Zhang Jianming, Huang Benben, Ye Zi, Kuang Li-Dan, Ning Xin
School of Computer and Communication Engineering, Changsha University of Science and Technology, Changsha, 410114, China.
Hunan Provincial Key Laboratory of Intelligent Processing of Big Data On Transportation, Changsha University of Science and Technology, Changsha, 410114, China.
Sci Rep. 2021 Nov 25;11(1):22908. doi: 10.1038/s41598-021-02095-4.
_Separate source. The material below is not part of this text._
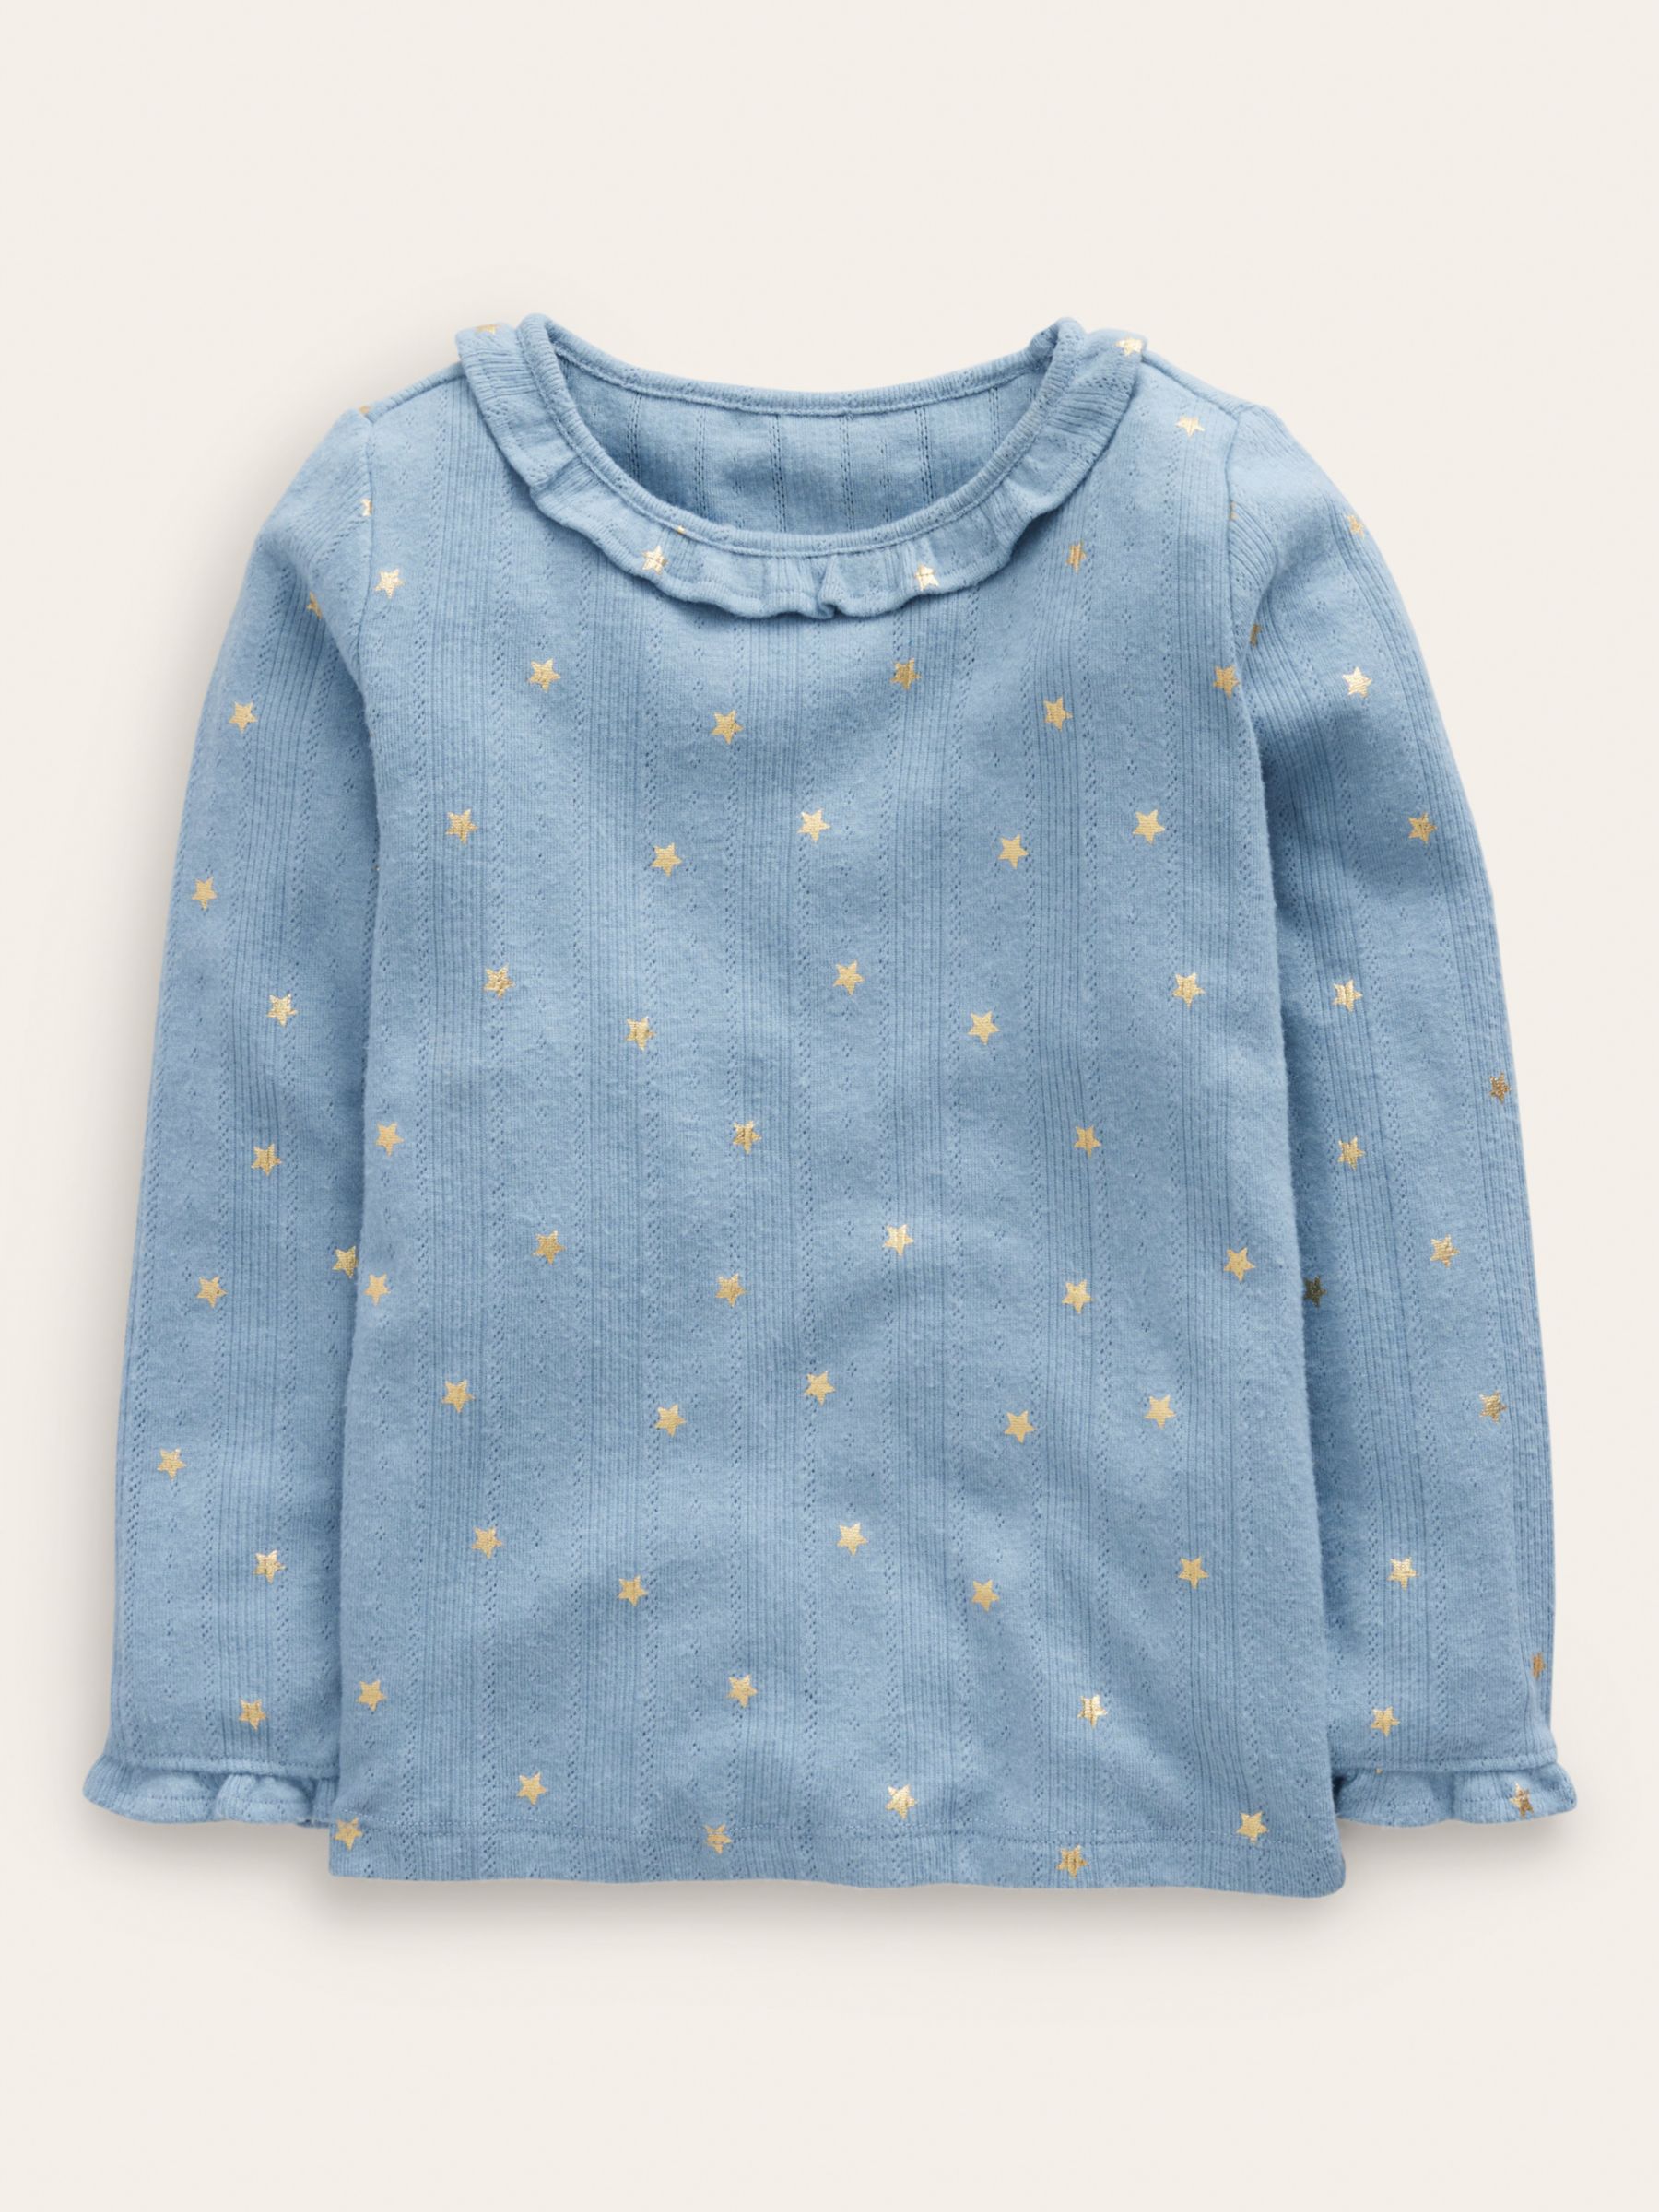 Mini Boden Kids' Ruffle Pointelle Top, Blue Gold Star, 12-18 months

Recently, object trackers based on Siamese networks have attracted considerable attentions due to their remarkable tracking performance and widespread application. Especially, the anchor-based methods exploit the region proposal subnetwork to get accurate prediction of a target and make great performance improvement. However, those trackers cannot capture the spatial information very well and the pre-defined anchors will hinder robustness. To solve these problems, we propose a Siamese-based anchor-free object tracking algorithm with multiscale spatial attentions in this paper. Firstly, we take ResNet-50 as the backbone network to generate multiscale features of both template patch and search regions. Secondly, we propose the spatial attention extraction (SAE) block to capture the spatial information among all positions in the template and search region feature maps. Thirdly, we put these features into the SAE block to get the multiscale spatial attentions. Finally, an anchor-free classification and regression subnetwork is used for predicting the location of the target. Unlike anchor-based methods, our tracker directly predicts the target position without predefined parameters. Extensive experiments with state-of-the-art trackers are carried out on four challenging visual object tracking benchmarks: OTB100, UAV123, VOT2016 and GOT-10k. Those experimental results confirm the effectiveness of our proposed tracker.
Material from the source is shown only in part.